_TRY IT_
Retype, word for word, every line from the one holding "Četrdesetak intervencija u" through the one holding "fujifilm-x-pro3-mexico-street-photography-76" in the entries below, both included, and only those lines.

-- DATA FOR THE TASK follows --

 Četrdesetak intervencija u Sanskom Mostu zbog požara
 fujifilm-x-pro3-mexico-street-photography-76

-- DATA FOR THE TASK concluded --
-- DATA FOR THE TASK follows --

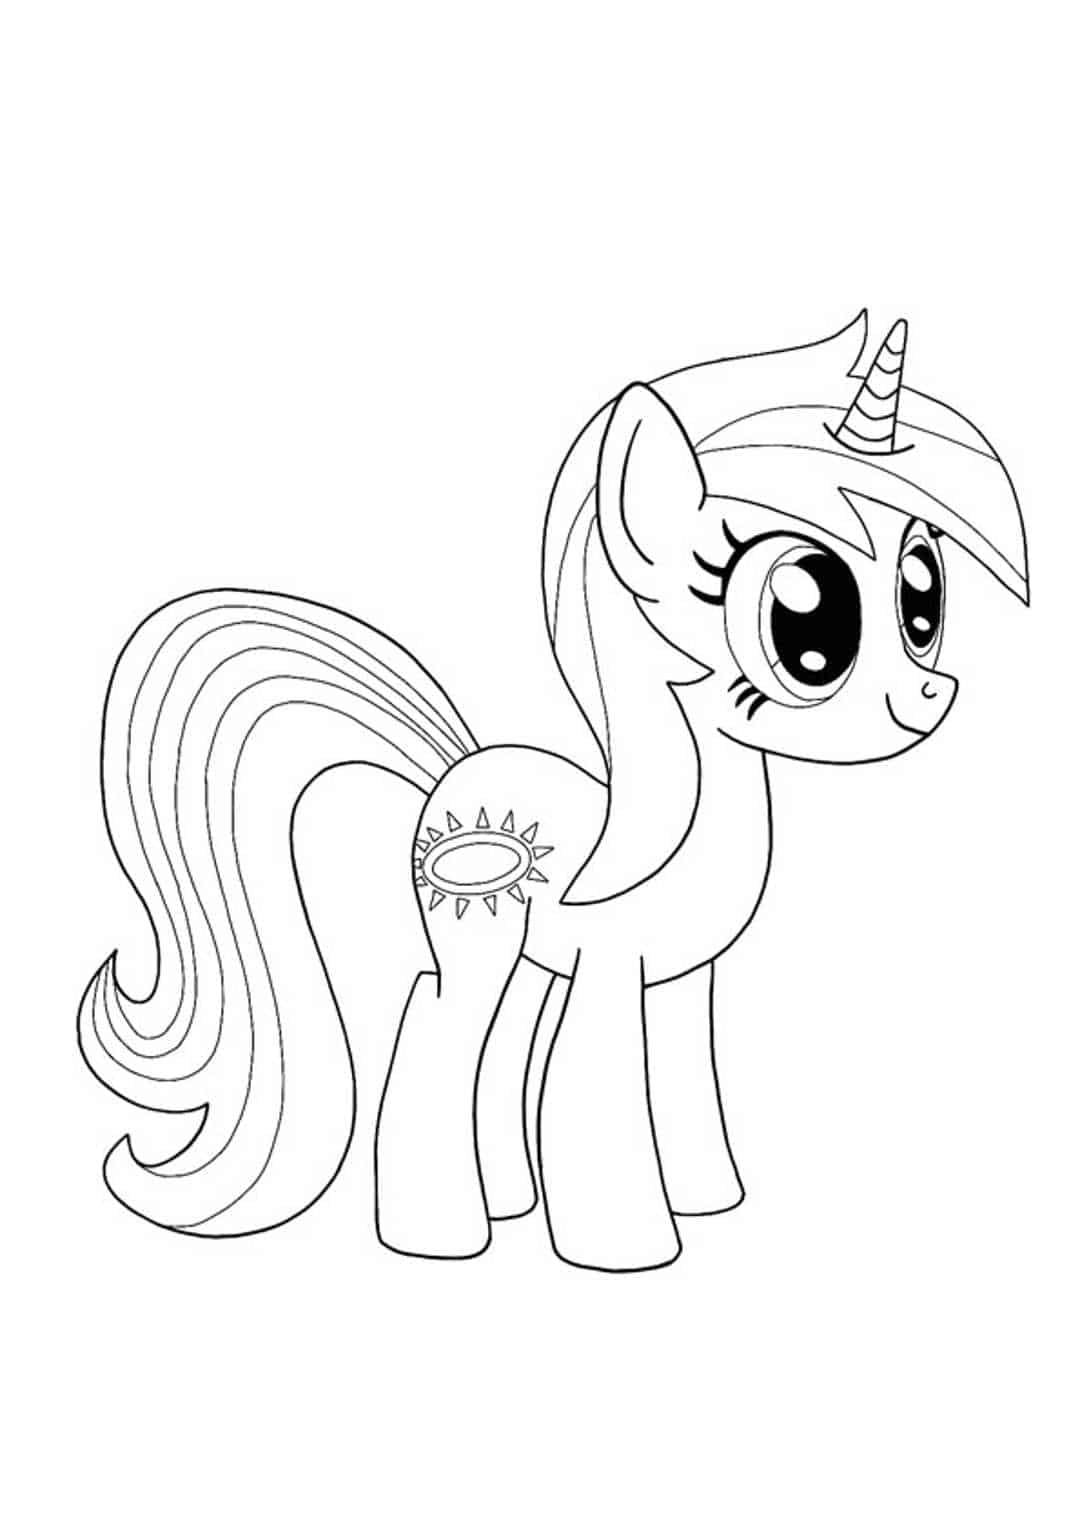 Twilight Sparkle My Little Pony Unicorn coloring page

-- DATA FOR THE TASK concluded --
-- DATA FOR THE TASK follows --

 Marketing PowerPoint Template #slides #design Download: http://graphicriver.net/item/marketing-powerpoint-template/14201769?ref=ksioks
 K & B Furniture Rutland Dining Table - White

-- DATA FOR THE TASK concluded --

_REPLY TO THE EXERCISE_
 Četrdesetak intervencija u Sanskom Mostu zbog požara
 fujifilm-x-pro3-mexico-street-photography-76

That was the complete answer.